Cinema Verite

Cinema Verite

Regina Casale uses film to foster a sense of global citizenship in middle school students

Regina Casale uses film to foster a sense of global citizenship in middle school students

By Elizabeth Dwoskin

Ecuador has long fascinated Regina Casale—but it was a tragedy there in 2005 that changed her perspective on the relationship between education and immigration. A boat smuggling immigrants out of the country had capsized, killing almost everyone on board. Casale delayed a trip to Venezuela and instead traveled 12 hours to the scene of the disaster. One survivor was a young girl headed for New York who might have enrolled in Casale’s class that fall.

“I realized there is another side of immigration that we teachers don’t know,” says Casale, a doctoral candidate in TC’s Interdisciplinary Studies program. “It’s important for us to know what the kids are living back in their home country.”

Of course, the lives of young immigrants can be equally painful in the United States. During the past decade, several notorious hate crimes have plagued Suffolk County, where Casale teaches Spanish at Longwood Junior High School.
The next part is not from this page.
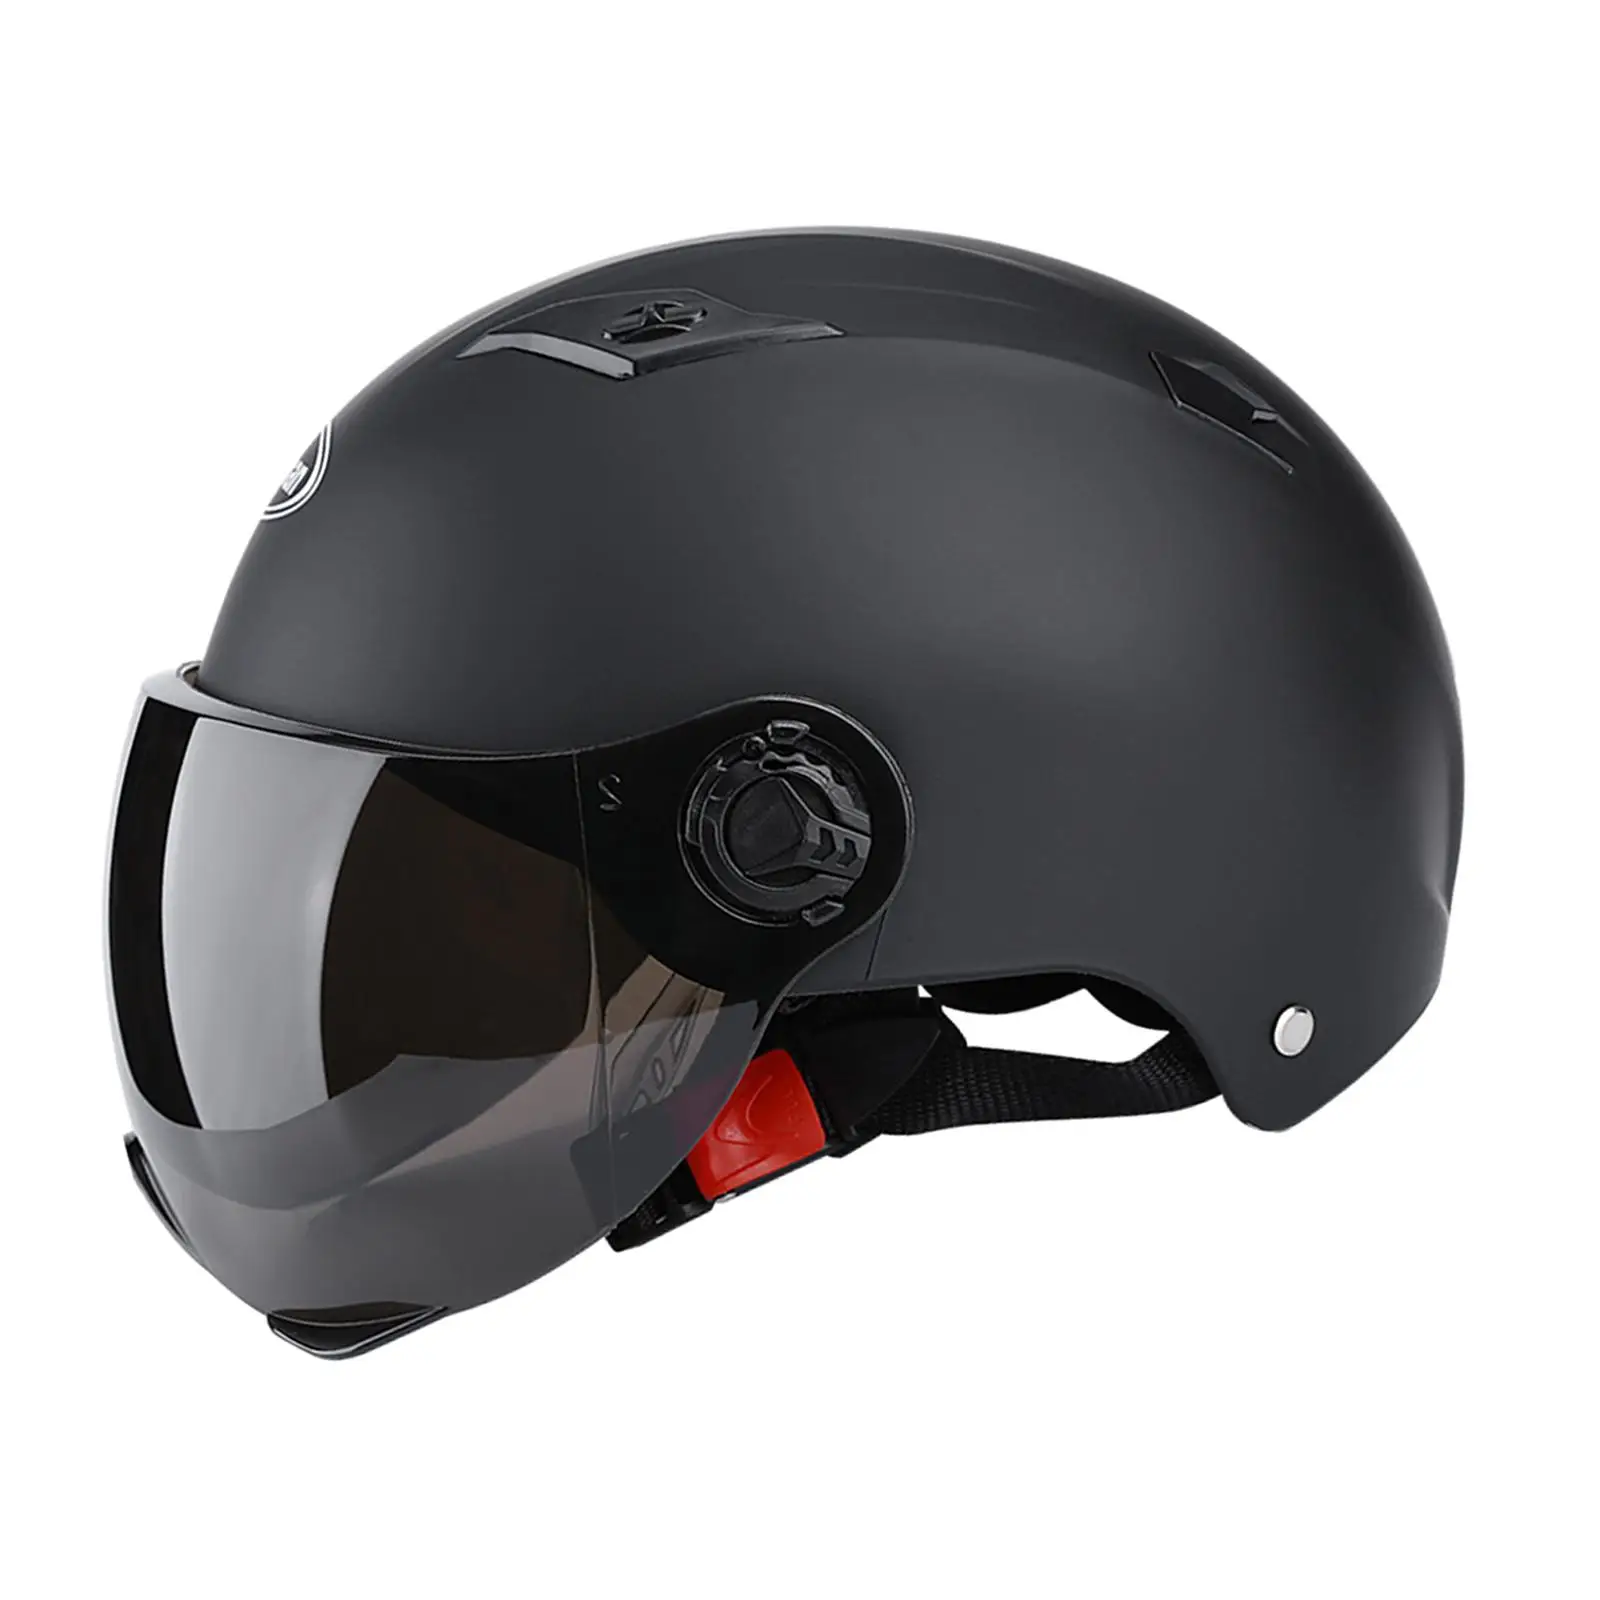 Motorcycle Street Face Retractable for Unisex Adult

One was a severe beating of two day laborers in Farmingville. Most recently an Ecuadorian immigrant, Marcelo Lucero, was brutally murdered by Patchogue high school students. Casale was in shock. “It happened to someone in my community,” she says. “And then to find out that they were high school kids. As a teacher, I felt the education system had let them down.”

In solidarity with the Ecuadorian community Casale organized two initiatives to promote tolerance, a Diálogo Comunitario in Patchogue and Lucero de America, a nonprofit. She screened films for the Ecuadorian community on Long Island and, that summer, in Ecuador. She also facilitated a workshop for teenagers in Gualaceo, Ecuador who created the film “Real Nightmare,” about the life of “abandoned children” (children of emigrants).

“There aren’t many materials that discuss both sides of the immigration coin,” Casale says.

Last year, with a $65,000 Kellogg Foundation Racial Healing Initiative grant, Casale created the project “Life Through My Eyes,” which promotes parent/child involvement and the development of global leaders in the community. Offered with the help of Patchogue parents, the project offers immigrant and non-immigrant youth the chance to create short documentary films about their lives. “As language teachers, we can use film to foster global citizenship,” Casale says, adding that the power of film really struck her after she invited Marcelo Lucero’s brother, Joselo, to her school. Joselo Lucero shared movie clips with the students, and afterwards, “the Latino students had tears in their eyes,” Casale recalls. “Because here was someone telling their story.”